3   mell   2021 Apr 30, 5:53pm  

From anecdotal evidence I def think that there are many lenders who may "tweak" ones income stats to make a loan and therefore moar money for them possible, but the big conventional lenders are very strict and detailed and want to know each source of money on your down-payment or income and will verify it, otherwise they won't give you a loan. For example loans or gifts from family members or friends may or may not work towards your loan worthiness. I did not get the impression that lending was loose even though we could have paid cash by liquidating most investments. Rather the opposite.
4   FortwayeAsFuckJoeBiden   2021 Apr 30, 5:53pm  

This is great!!!
5   mell   2021 Apr 30, 5:55pm  

And loans without 20% down are almost non existent at traditional/conventional lenders, you may get 5-15% down with fha and mandatory mortgage insurance, but only up to a certain loan amount which varies by county and is not that much compared to actual house prices. Some "creative" lenders bridge that via a 2nd loan with higher interest which is immediately taken out against your new house similar to a heloc, but that def is dangerous and I don't know how many people would go for that risk and high interest, maybe those who need to keep up with the joneses by any means necessary ;)
6   GreaterNYCDude   2021 May 2, 8:36pm  

I don't see how commercial lending doesn't implode. It's not like your typical suburban mall was in good shape to the begin with, now it's spread from brick and mortar retail to reasturants (many of which have gone under) and office space (which has lower demand due to the new work from home trend)

This will not end well. Never does. We've seen this movie before and know how it ends. Time for the big short 3.0?
7   Wanderer   2021 May 3, 8:49pm  

Man, seeing that subprime primer seriously brought back warm feelings of nostalgia. I'm so surprised. Back then I sent it to my college economics teacher and he showed it in class.
8   mell   2021 May 3, 10:22pm  

GreaterNYCDude says
I don't see how commercial lending doesn't implode. It's not like your typical suburban mall was in good shape to the begin with, now it's spread from brick and mortar retail to reasturants (many of which have gone under) and office space (which has lower demand due to the new work from home trend)

This will not end well. Never does. We've seen this movie before and know how it ends. Time for the big short 3.0?


Commercial yes unless they slowly but steadily convert the offices into private real estate, i.e. apartments and multi unit housing complexes / condos.
9   WookieMan   2021 May 3, 10:44pm  

GreaterNYCDude says
I don't see how commercial lending doesn't implode.

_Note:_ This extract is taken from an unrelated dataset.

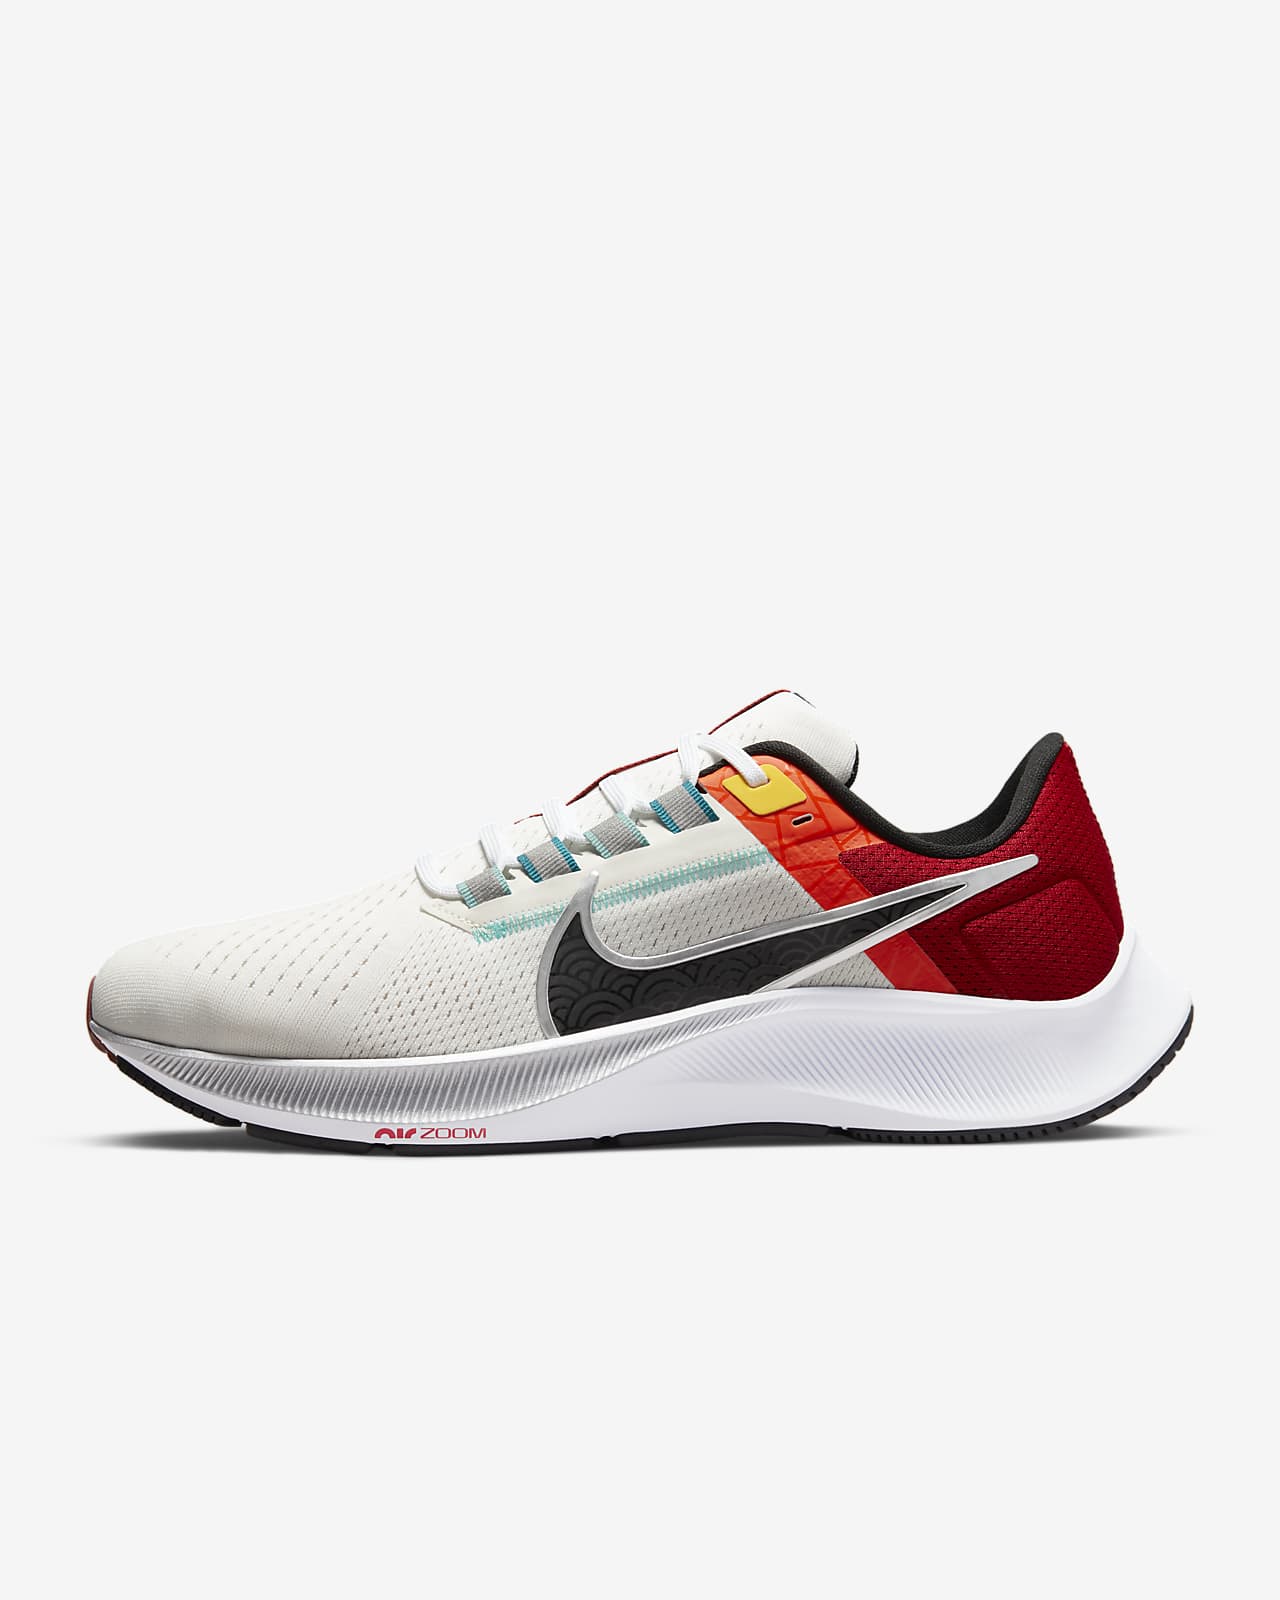 Gaseous Joseph Banks twist Nike Air Zoom Pegasus 38 Men's Road Running Shoes. Nike.com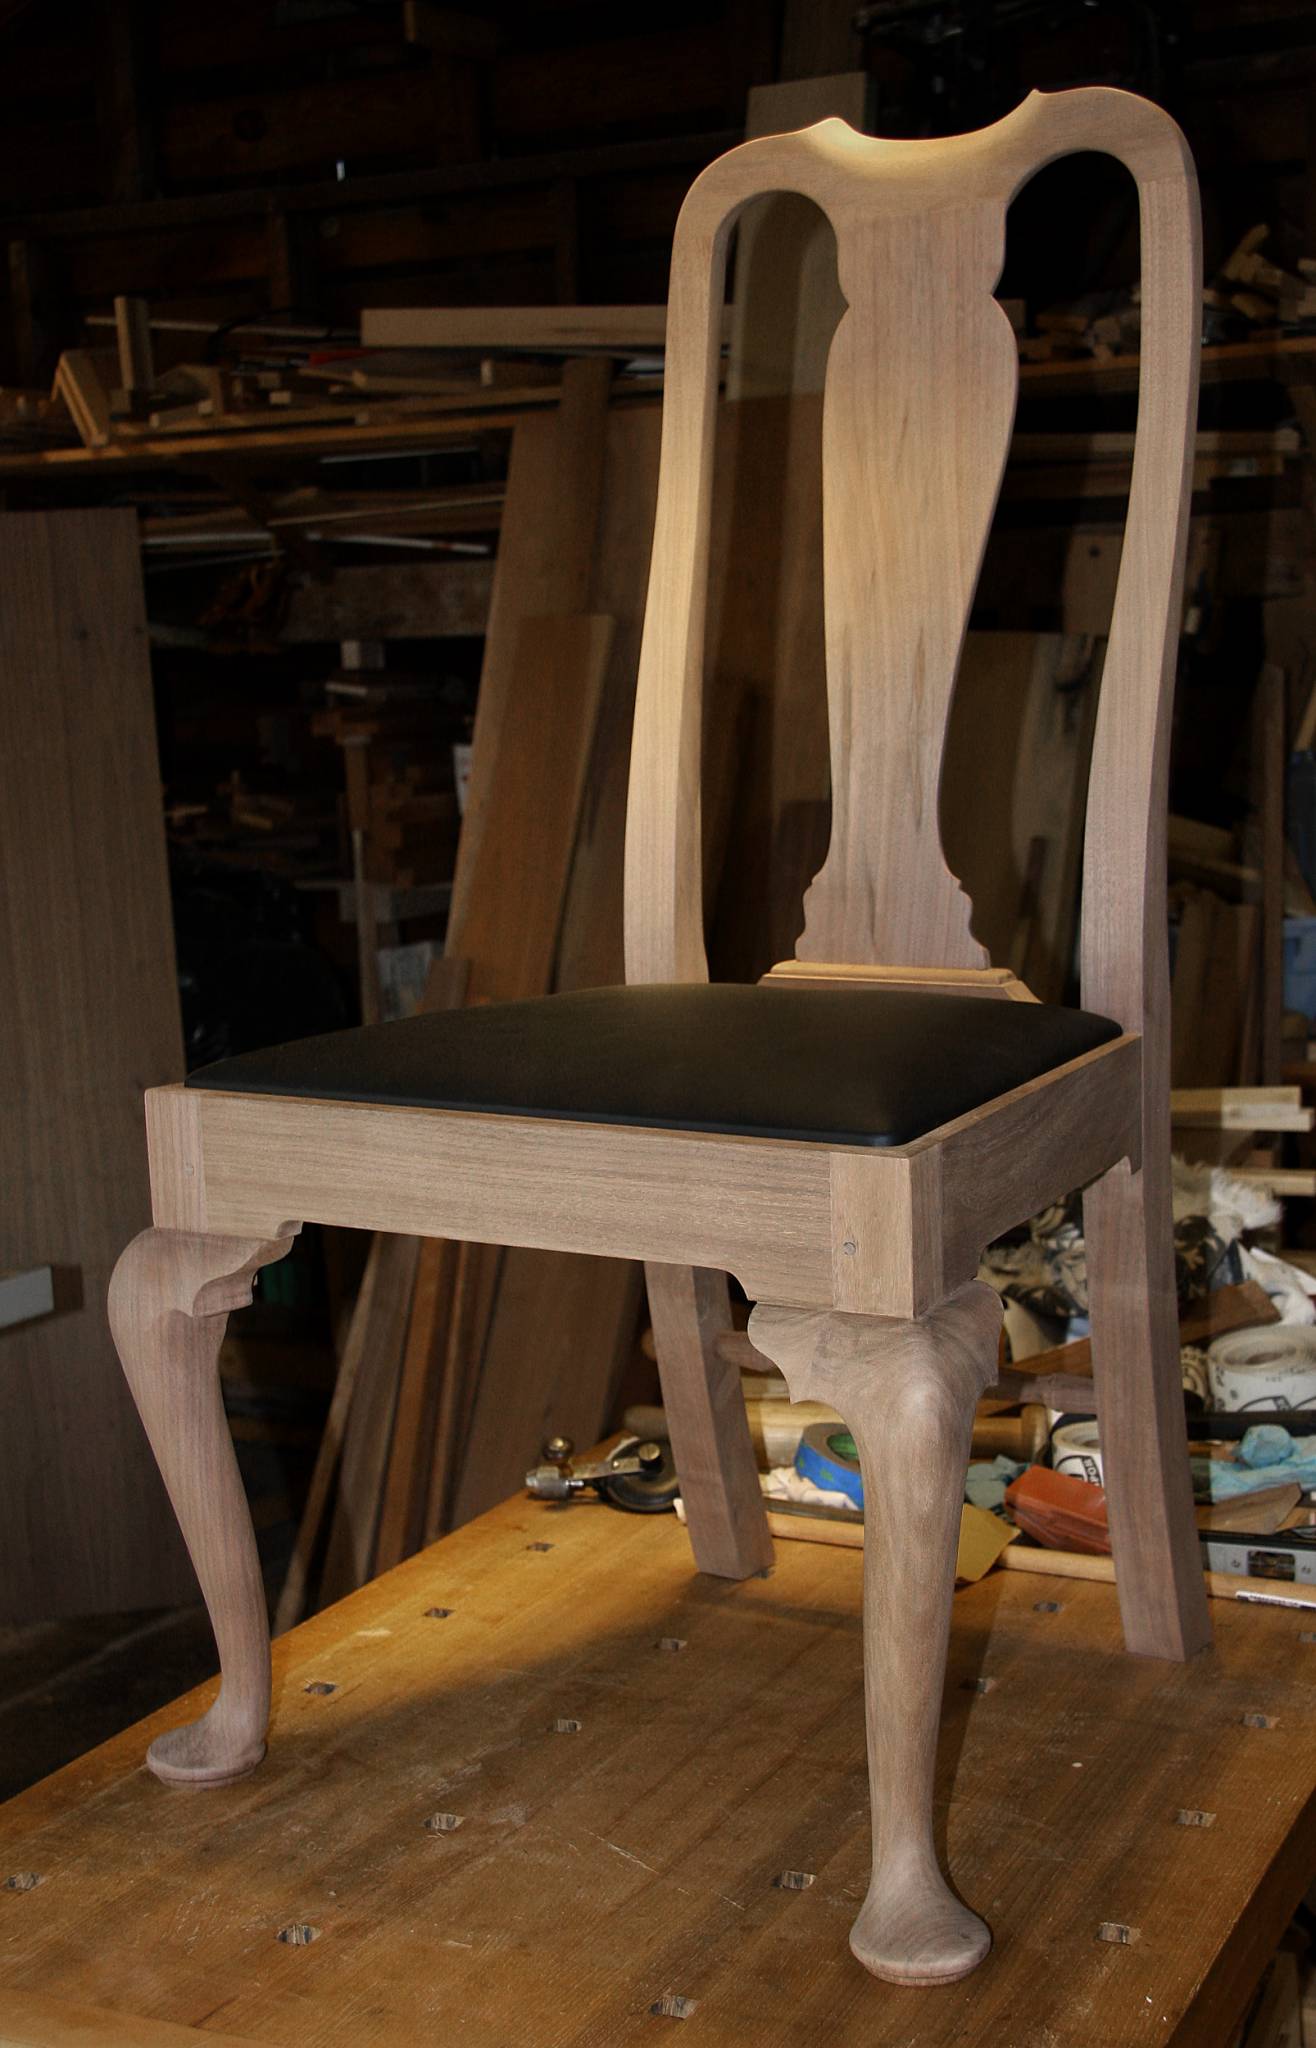 Queen Anne chair workshop

It will be hit, but it's not going to be too bad. The requirements for commercial lending are a complete pain in the ass. Remember, savvy investors will take out insurance that may be covering rents on some of these places. If you don't have customers you're broke, so you look to make sure to protect yourself. Expensive, but I'm sure there are policies out there that cover pandemics.

I also think the restaurant closure thing is overblown. Carry out was still going on. You can make solid to great money with just a chef and a helper. Cut the staff. Turn off the lights. Lower the heating and electric bills.

Offices will probably be the worst. Even restaurants that closed, someone will swoop in and start a new one. The companies that had revenue increases during covid are not going to renew leases.

Either way most commercial notes are short, but the hit will be spread out over 5 years likely. Noticeable but not overly damaging in my opinion. Warehouses are also filling the void with online shipping and supply chain. IL is losing population, but warehouses are popping up every 1/4 mile on expressways heading into Chicago.